Another day, another Foodbank story - this time, a local newspaper splashing a headline that the police 'Give Criminals Free Food' all over its front page and billboards, with the result that the scheme under scrutiny is suspended by the local Police Commissioner, the story makes the 'nationals' and TV and the trolls come out to play.  The background to this story - that since March, seven vouchers for the local foodbank, each worth three days' food, had been given out by the police, apparently to people caught shop-lifting due to hunger.  That's barely one a month, so hardly an incentive to adopt a life of crime, but it's a sad sign of the times that anyone should be forced to steal simply to feed themselves, and a pretty clear indication that these people aren't hardened criminals if the police are moved to find them a square meal rather than the inside of a prison cell. 

The worry has to be that the negative headlines will put people off donating - one commenter on the paper's website claimed that s/he had been about to set up a monthly donation to the foodbank, but changed their mind on reading the story.  I suspect that comment was simply hot air from a regular grumbler, but it will give some people pause for thought when they see a collection being made and someone with no food will spend another day hungry as a consequence, or may feel driven to theft or other crime. 

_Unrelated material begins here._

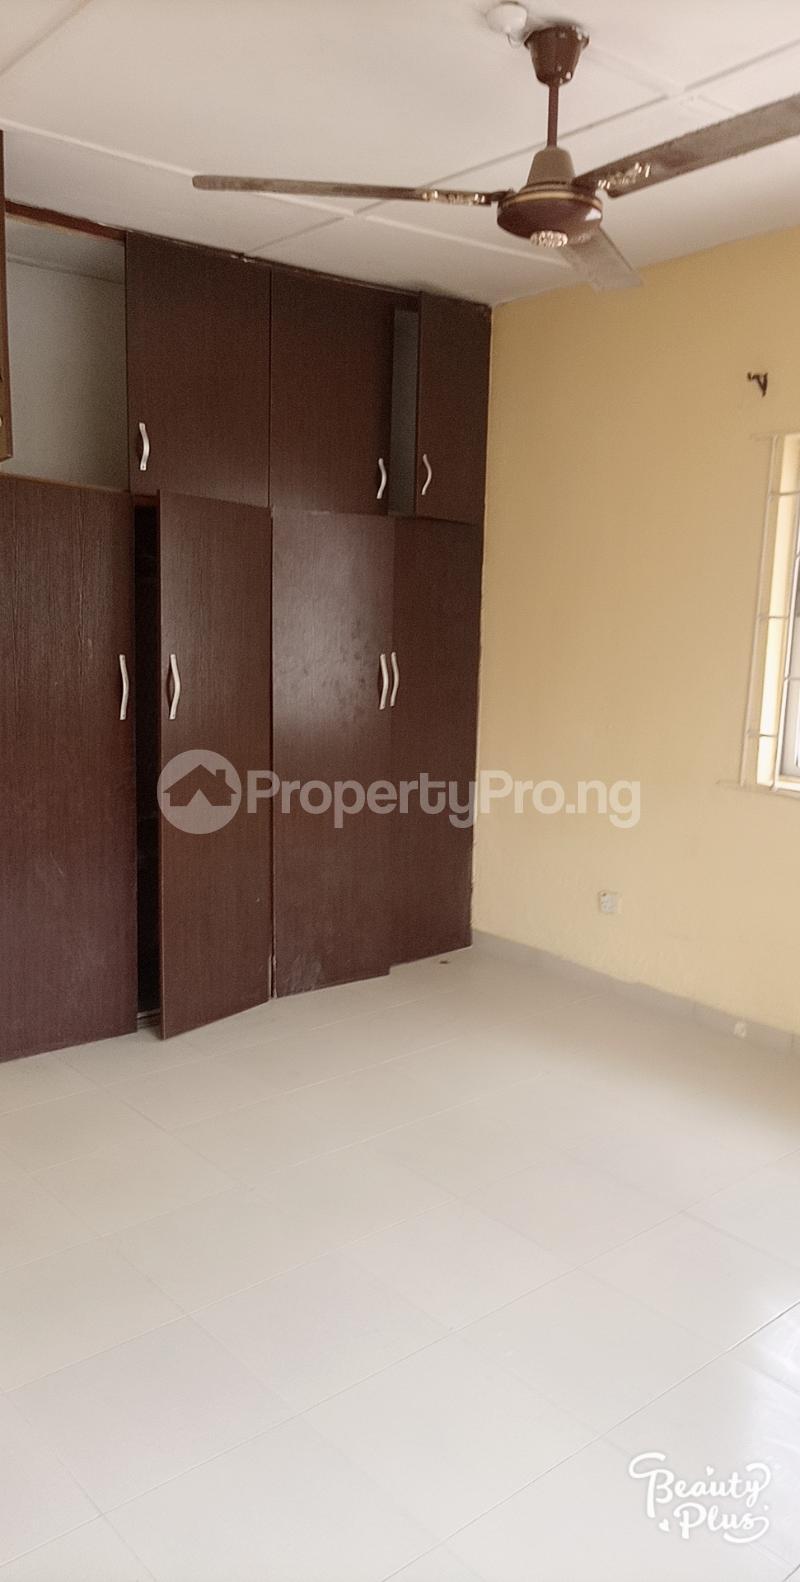 5 bedroom Semi Detached Duplex House for sale Ajao estate Isolo. Lagos Ajao Estate Isolo Lagos - 4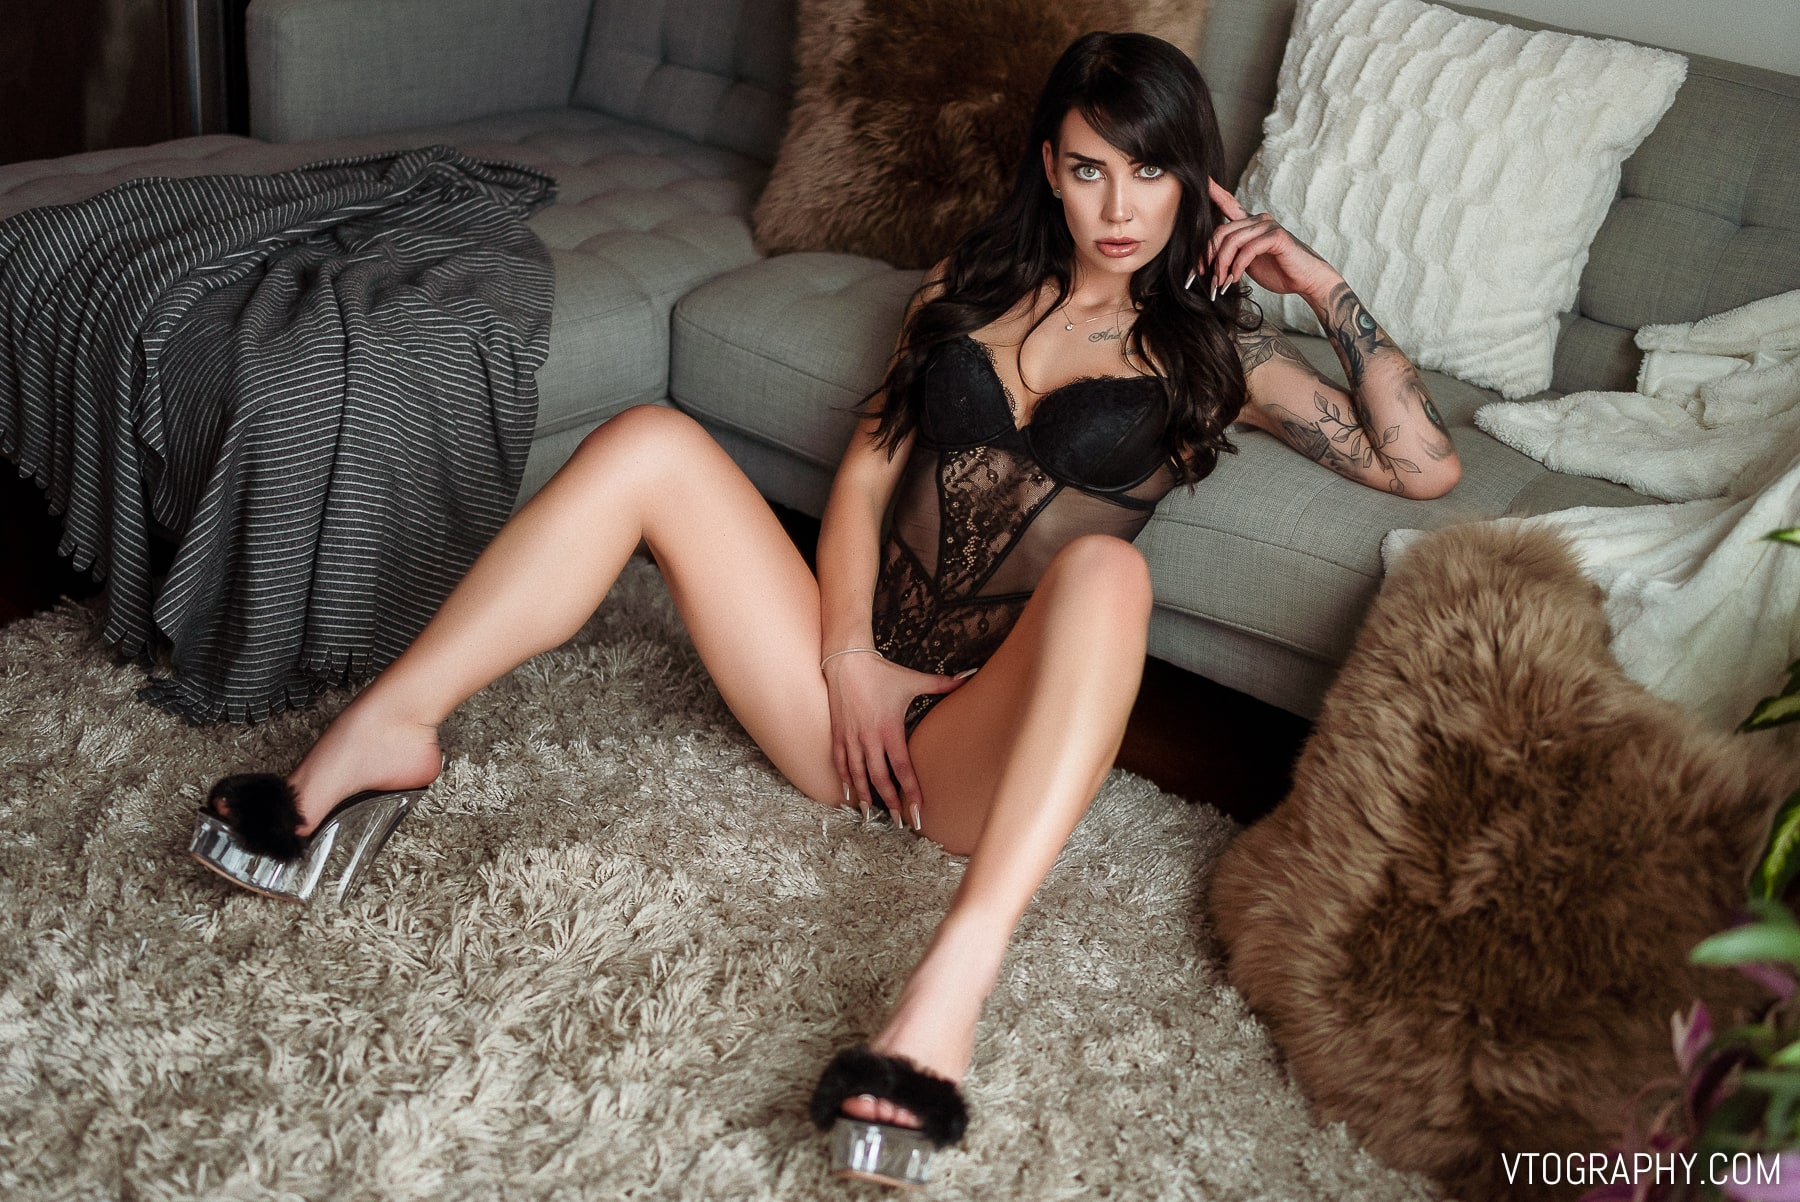 Tall, tattooed model Riley in lingerie

Bad journalism suggesting that a compassionate scheme encouraged shop-lifting won't stop desperate, hungry people from stealing food for themselves and their families; the threat of hanging or transportation didn't do that, and sadly it's unlikely that even the most well-provisioned foodbank will achieve that either, when benefit cuts are leaving single people and families without the bare minimum they need to live on.  And demand has soared during the summer holidays according to this disturbing article from the Independent: 

http://www.independent.co.uk/news/uk/home-news/summer-of-hunger-huge-rise-in-food-bank-use-as-demand-linked-to-welfare-reform-8755101.html?origin=internalSearch

The comment late in the item from the DWP stating that they do not believe the rising demand for foodbank provisions is linked to the 'welfare reform' process is demonstrably untrue, if only because a specific piece of that reform - the dismantling of the discretionary element of the Social Fund and the devolving of its remit to help people in crisis situations to Local Authorities - has led very directly and deliberately to a rise in referrals to foodbanks. 

Much as I admire the dedication and compassion of foodbank volunteers and the humanity of people who donate, the sad fact is that foodbanks are masking the true impact of benefit cuts and allowing charity to be substituted for proper state support.  But if the alternative is hungry kids during the school holidays and people stealing food through hunger, I'd better look out for the special offers on tinned fruit in juice, and lob a few cans into the collection trolley.